Penn State: 10 reasons to be excited in 2012
With that, I present 10 reasons for Penn State fans to be excited about the coming season.
1. Bill O’Brien. He brings an attitude and mind-set that will impact the program and serve him well as he begins the arduous process of rebuilding this proud program. And O’Brien’s biggest asset may be his NFL background, working with the New England Patriots since 2007. O’Brien, 42, arrived in State College after coordinating the Patriots’ dynamic offense in 2011. Recruits should be interested in being groomed by a coach who has helped develop the likes of Tom Brady.

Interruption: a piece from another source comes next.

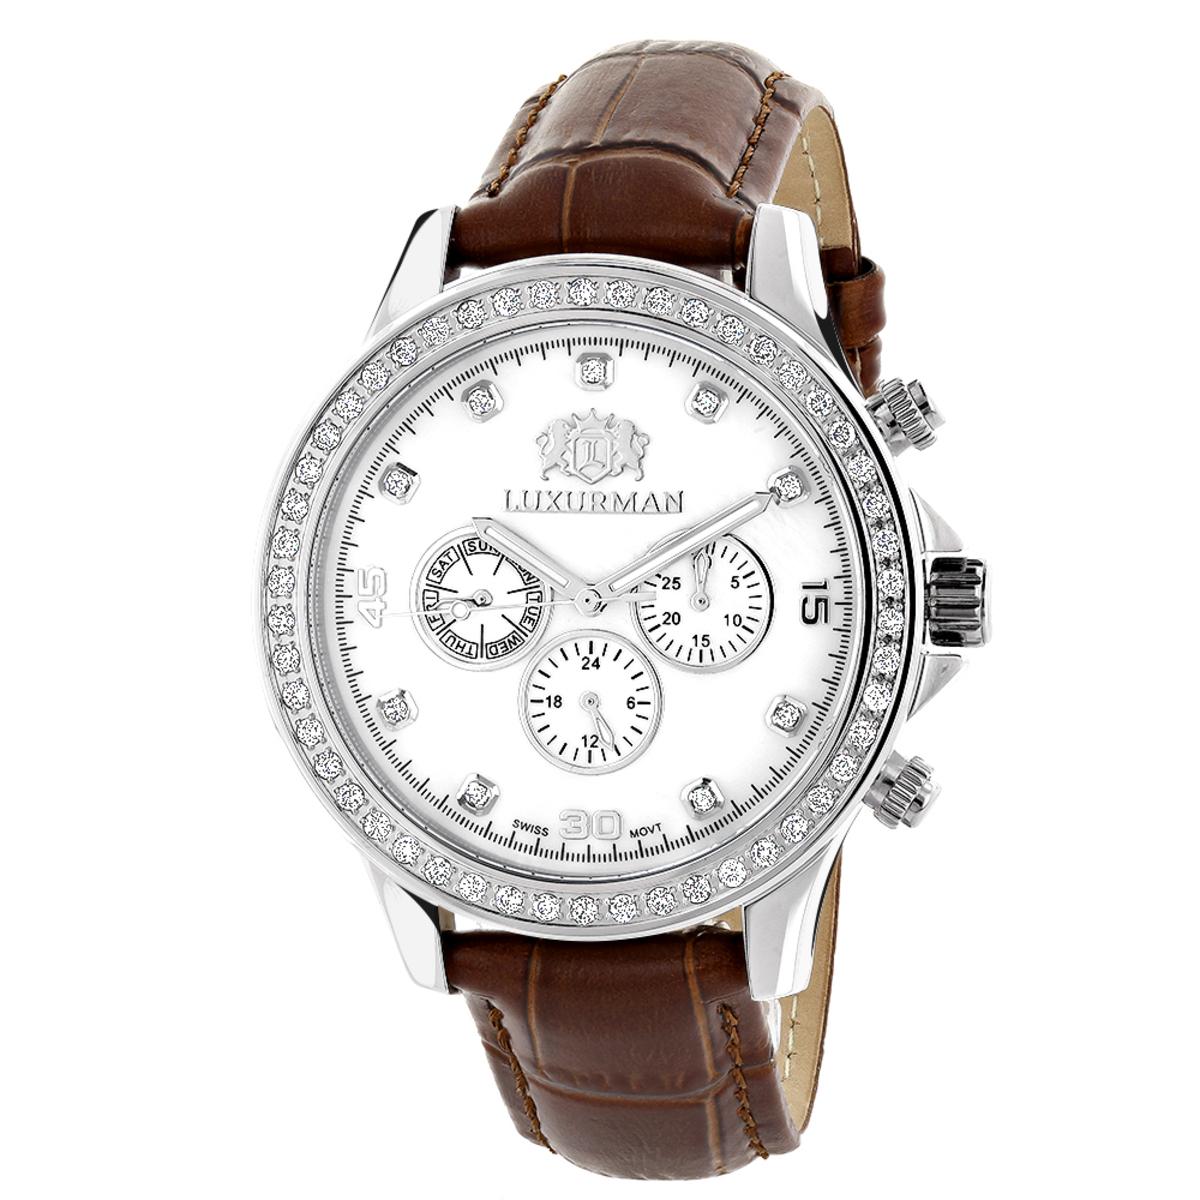 Diamond Watches For Men: Luxurman Liberty Diamond Bezel Watch White MOP 2ct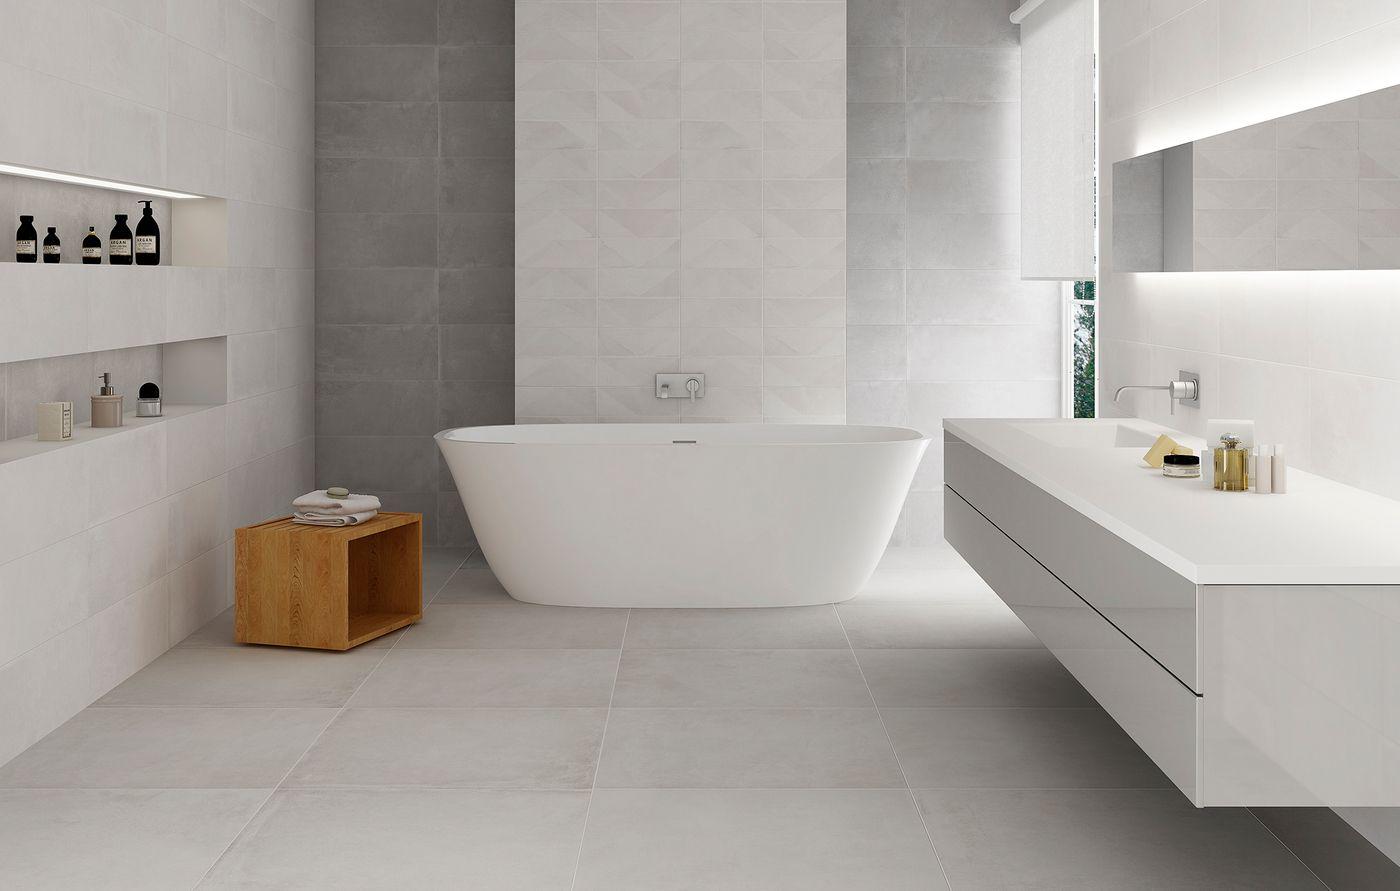 Carrelage Contemporain Design Blanc Nevada Blanco1 Carrelage Salle De Bain Salle De Bain Design Salle De Bain Grise

2. Strong staff. O’Brien has built a strong group, led by defensive coordinator Ted Roof. O’Brien also was wise to retain linebackers coach Ron Vanderlinden and defensive line coach Larry Johnson, the lone holdovers from the previous regime. Another key hire: offensive line coach Mac McWhorter, who began his collegiate coaching career in 1980. The guy knows how to build a line.
3. Matt McGloin. Yes, the senior isn’t overly talented, but he is a veteran hand who has shown he can guide the team to victory. McGloin, who beat out Rob Bolden for the job and then saw Bolden transfer to LSU, started the final five regular-season games of 2011 and played in all 12 regular-season games. He hit 54.1 percent of his passes (125-of-231) for 1,571 yards with eight touchdowns and five interceptions. He boosted his career 200-yard passing game total to seven to rank No. 10 in Penn State annals. Penn State can win with the guy.
4. Michael Mauti. He’s the heart and soul of the program, a passionate leader whose school pride and spirit are unmatched and will go a long way in helping carry the team through tough times. Mauti also has been a model of persistence. His 2011 season ended in the fourth game due to a knee injury. In 2009 preseason drills, Mauti also injured a knee, resulting in him missing the season. But the senior linebacker never has given up—a message that should resonate with teammates and fans.
5. Gerald Hodges. He will have a spot besides Mauti on what could be a strong linebacking corps. A senior, Hodges contemplated turning pro but is back to help the Nittany Lion program take its first steps in a new era.
6. School pride. The fans, alums, players, coaches and community seem to be galvanized by the difficult circumstances that the program must deal with. Scholarship limitations, bowl bans, probation … there are burdensome to Penn State as it begins to crawl out of the morass of the biggest scandal in college sports history. But the “We Are! Penn State!” spirit permeates this proud institution that refuses to have its spirit smashed. And that attitude will be needed for years to come.
7. Justin Brown. With running back Silas Redd transferring to USC, this is an offense that will lack playmakers. Brown figures to be a major weapon from his wideout spot with Derek Moye gone—as long as Brown doesn’t bolt. The senior will be looking to build on a strong effort in the bowl game after last season, when he scored a touchdown on a 69-yard catch-and-run.
8. Tight ends. This now is a glamour position in State College, as Bill O’Brien pro-style attack will feature tight ends. And the biggest beneficiary figures to be massive junior Garry Gilliam. He has played in just five games in his career after tearing two knee ligaments in the 2010 season opener. The 6-6, 270-pound Gilliam will be a major weapon on third downs and in the red zone.
9. D-line. No doubt, tackle Devon Still will be missed. But this still has the makings of a strong group. End Pete Massaro is back from his second knee injury and primed for a big senior season. Fellow end Sean Stanley is back after starting in 2011. Inside, Jordan Hill will be a senior anchor alongside junior DeQuan Jones, who is taking over Still’s spot.
10. Improved bodies. One of the first things Bill O’Brien did after taking over was overhaul the weight training program. The Nittany Lions have moved away from training with machines and now focus on free-weight training with football-oriented lifts. And coaches and players say they already have seen a big difference. That improved strength and conditioning should help as the team works deep into the season and begins to deal with depth issues in future years.